Topological data analysis (TDA) is a powerful method for reducing data dimensionality, mining underlying data relationships, and intuitively representing the data structure. The Mapper algorithm is one such tool that projects high-dimensional data to 1-dimensional space by using a filter function that is subsequently used to reconstruct the data topology relationships. However, domain context information and prior knowledge have not been considered in current TDA modeling frameworks. Here, we report the development and evaluation of a semi-supervised topological analysis (STA) framework that incorporates discrete or continuously labeled data points and selects the most relevant filter functions accordingly. We validate the proposed STA framework with simulation data and then apply it to samples from Genotype-Tissue Expression data and ovarian cancer transcriptome datasets. The graphs generated by STA for these 2 datasets, based on gene expression profiles, are consistent with prior knowledge, thereby supporting the effectiveness of the proposed framework.

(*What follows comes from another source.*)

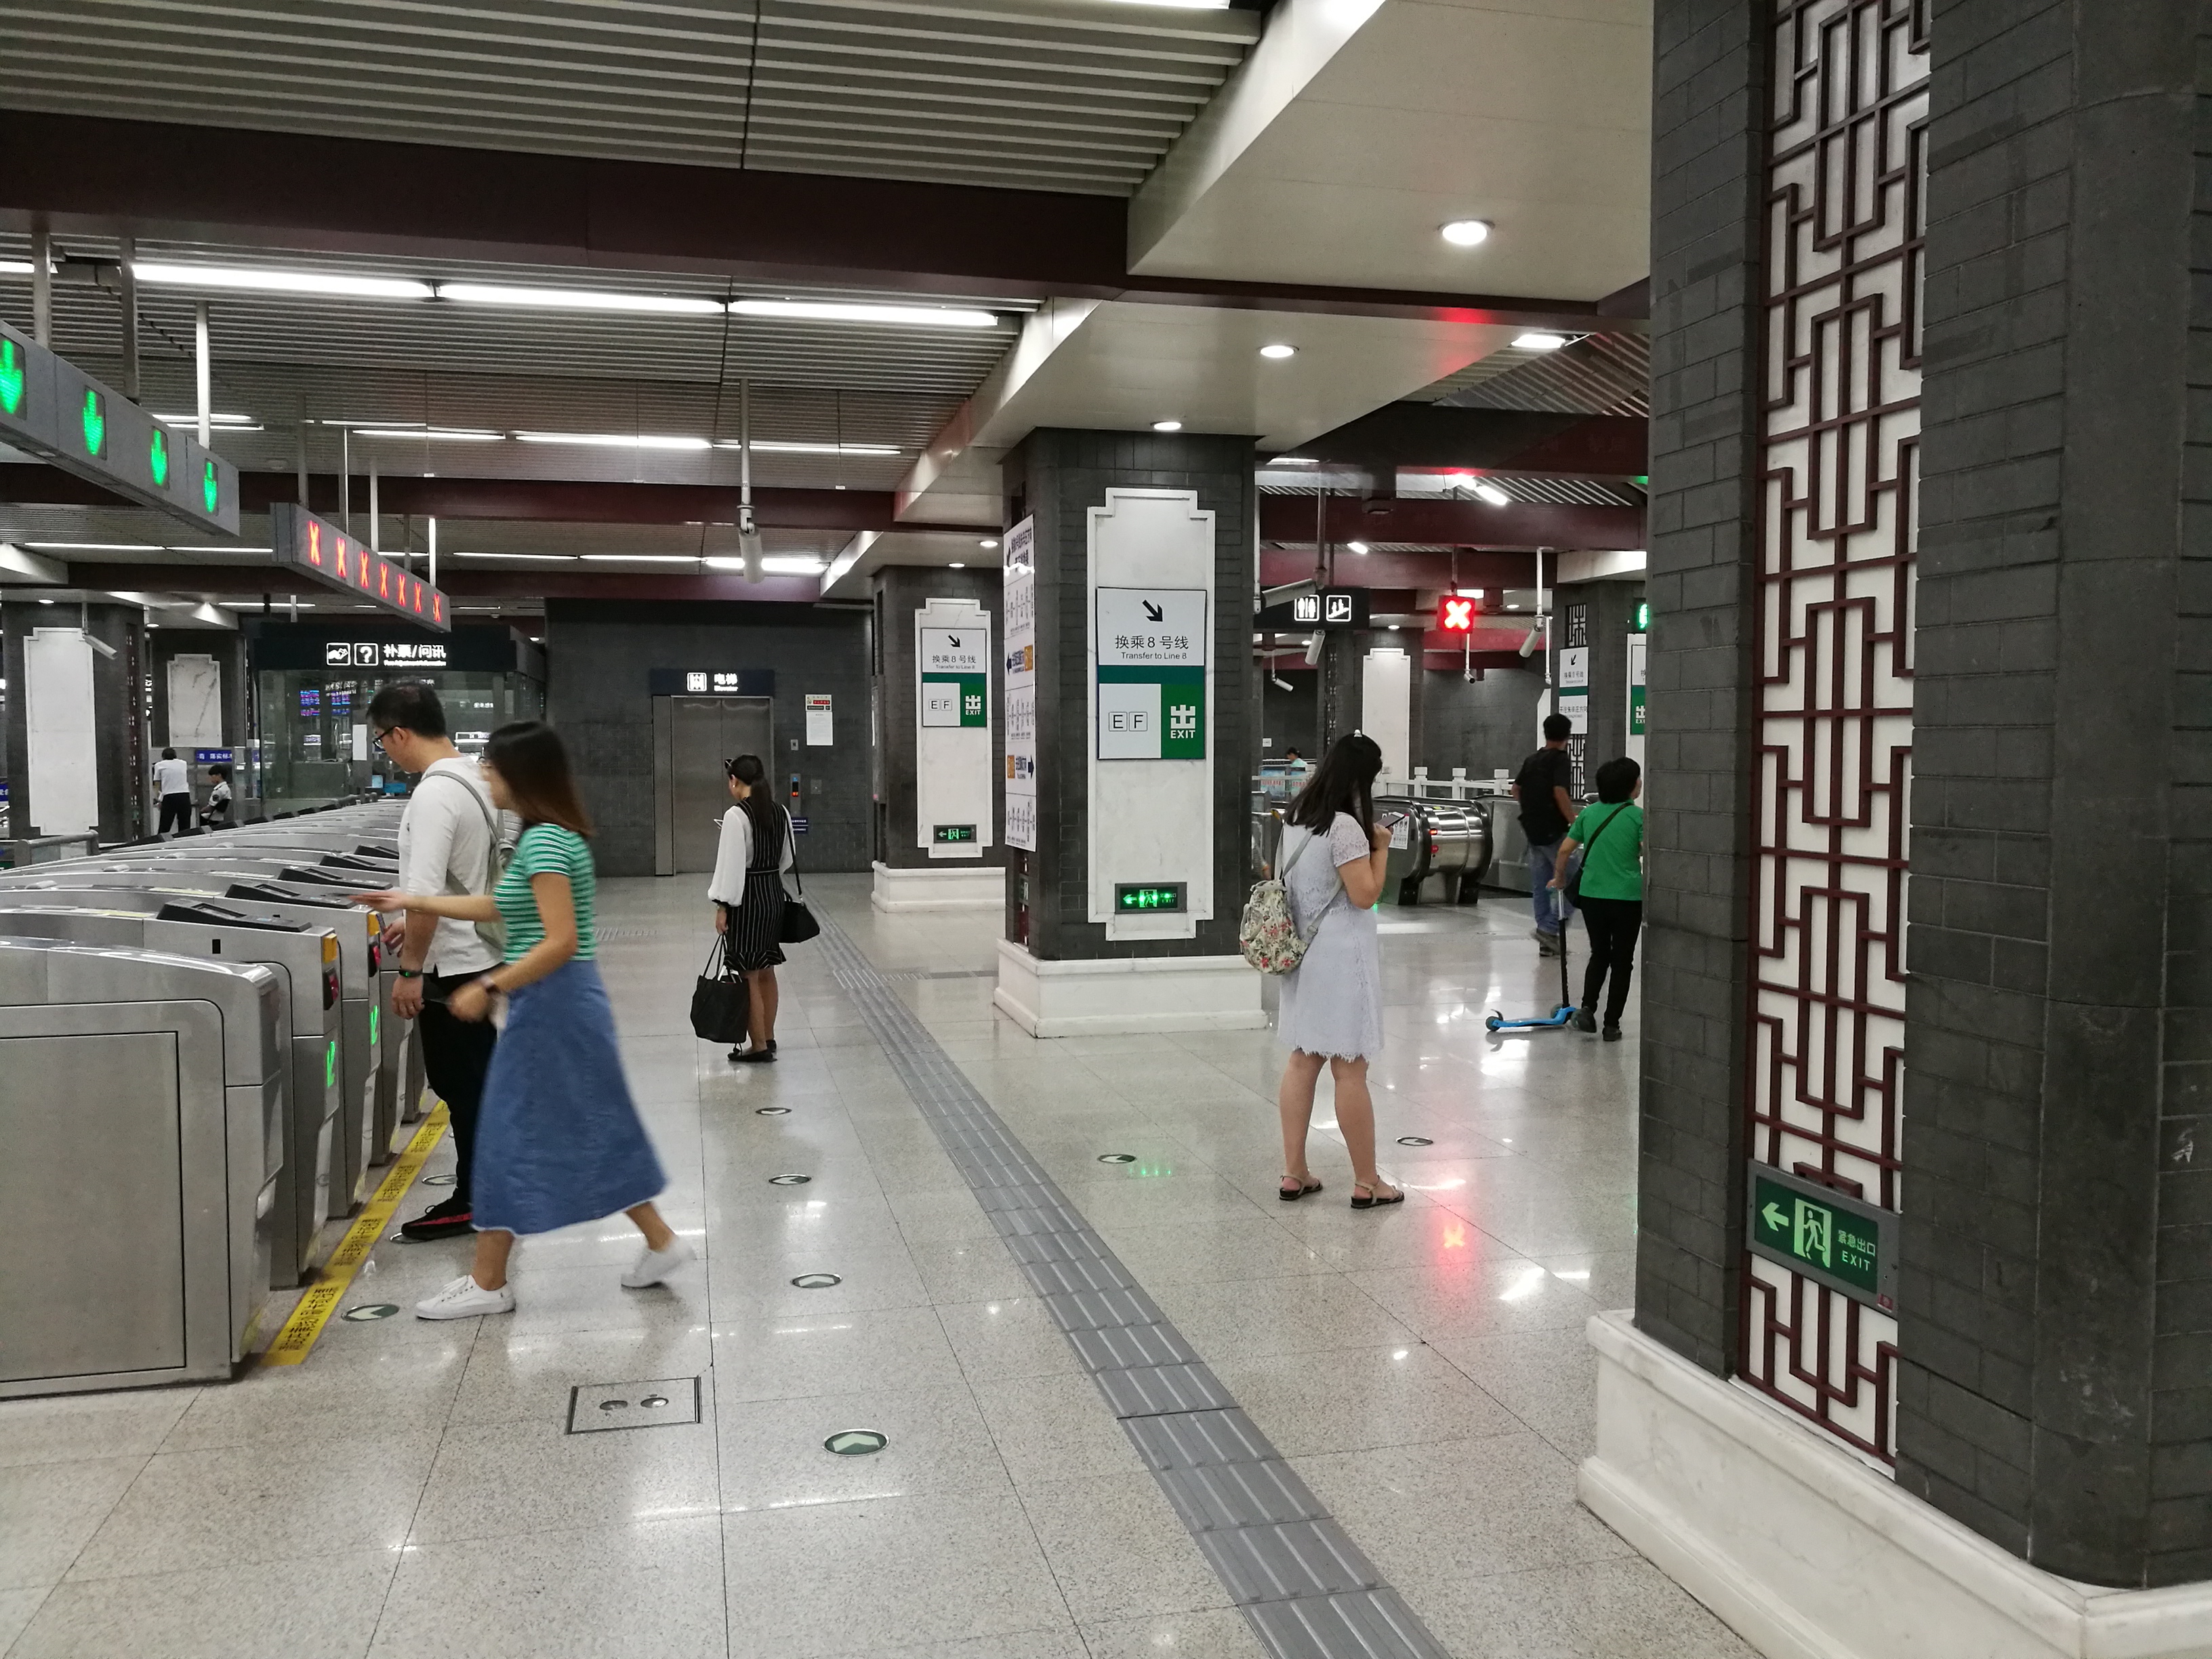 中国设计很巧妙地铁换乘站:北京地铁8号线和6号线的南锣鼓巷站

机译:拓扑数据分析(TDA)是减少数据维度,挖掘底层数据关系的强大方法,直观地表示数据结构。 Mapper算法是一种这样的工具,它通过使用随后用于重建数据拓扑关系的滤波器函数将高维数据投影为1维空间。但是,在当前TDA建模框架中尚未考虑域上下文信息和先验知识。在这里,我们报告了半监督拓扑分析(STA)框架的开发和评估,该分析包含离散或连续标记的数据点,并相应地选择最相关的过滤器功能。我们通过模拟数据验证所提出的STA框架,然后将其应用于来自基因型组织表达数据和卵巢癌转录组数据集的样本。基于基因表达轮廓的STA为这2个数据集产生的图表与先验知识一致,从而支持所提出的框架的有效性。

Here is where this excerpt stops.